If you’re still good with all this, then consider the following analogy.  And if you’re not, well, consider it anyway.  And it doesn’t matter if you’re a football fan or not.  What have you got to protect?  Just pretend for a minute.  It won’t kill you.  (And if it does, well, you were going to die of Presentosis anyway.)

Everyone in football knows the coaches’ maxim is true:  you can’t tell what happened in the game until you see the film.  What?  This from the guy on the sidelines, in real time, watching the game as it happens, plus he knows every player’s name and proclivities, and he doesn’t know what happened in real time until he sees it replayed in slow motion later?

Think about this for seven minutes, or seven seconds at least, and you see twenty-two guys racing around a flat field with well-marked boundaries for about three to five seconds and they all fall down, and they get up and do it again, and nobody knows what happened until later?  No, they don’t know, because it’s too complicated and you can’t figure out the flow and the errors and the magical athleticism until it’s all in slow motion and viewed from another point in time.
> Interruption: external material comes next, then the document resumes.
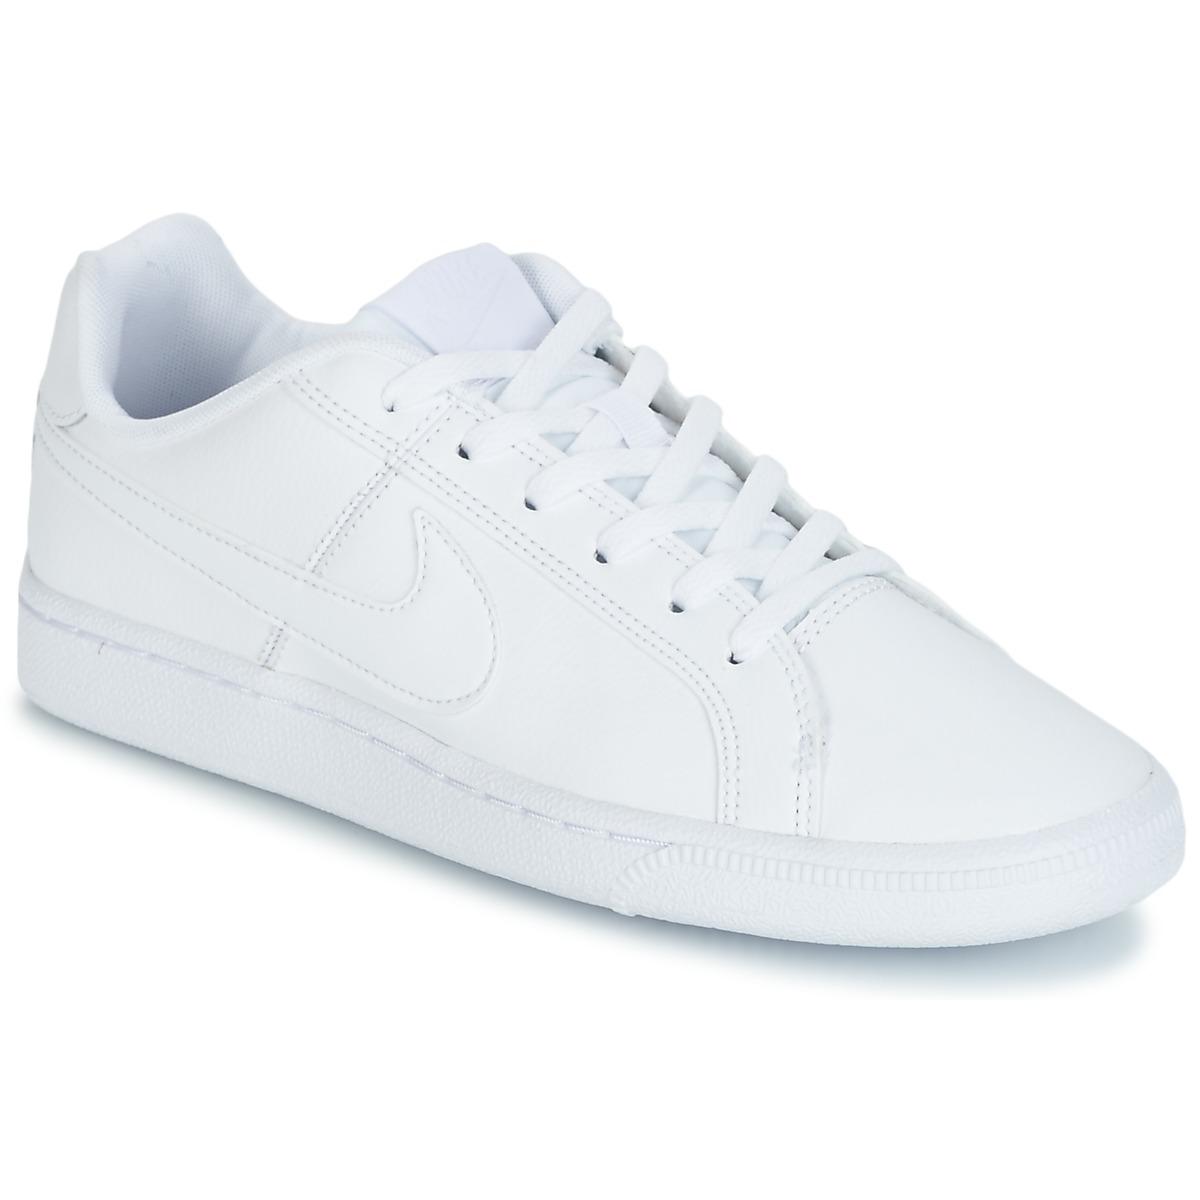 cb332ba6aca Nike COURT ROYALE GRADE SCHOOL Wit - Gratis levering | Spartoo.nl ! -  Schoenen Lage sneakers Kind € 49,99

So if twenty-two guys racing around a very well-defined acre of flat ground is too complicated to understand until later, then how in the hell can anyone pretend to understand—in present time—the flow and interactions of around two hundred nations with around 6.5 billion human beings and more other species than we can even count, on a planet rotating in multiple directions around a star, a galaxy, and bunches of other supra-galactic conflagrations?

So if you can’t understand now until later, where does this leave us with our live-in-the-moment ethos?

Not to worry, folks!  You can eat and have your cake, too!  You can be both player and coach.  Which is to say—you can have your indelible moments of pure immersion on the gridiron of life when bodies are flying and everything is happening at once yet you see it all and find the guy sprinting down the sideline as if on slow motion film and you heave the pass that floats into his palms in eternal present time that lasts forever.  And you can also nurture comprehension of it all from the ever-gathering perspective of time, thanks to the fifth of the concoction conserved in the recipe.  How so?  The retained fifth is the part of attention that rolls across the years, so that the player-in-the-moment intelligence and the slow motion review intelligence enrich each other.

But don’t screw it up with shallow Presentosis.  Don’t go around saying,  “In these uncertain times . . .”  because all times are uncertain.  All times are trying and fraught; some more so than others, certainly.  But the present is always a mess and a tangle and perpetually unwearable, at least to the office or jobsite.

But maybe that’s why it’s called “the present.”  It’s also a gift dripping with gobs of opportunity interwoven with tons of proto-undone bristling-with-life fuckedupedness.

But we digress.  Or at least you have.  So back to the hard-boiled point.  Actually, several emerge:

•  The eternal now exists forever, but not always.

•  If you’re being a human being, you have to spend a good portion of your present time removed—away in the past and in the future.  It’s part of your job, and it goes on your permanent record.

•  Don’t ever go around bloviating about “these fraught times.”

•  The present is not a sweater.

•  The incomprehensibility of present time is enhanced by comprehending the incomprehensibility of football, but it would better if it were two-hand touch.

•  Don’t ever write any of us here in the room about “in these uncertain times.”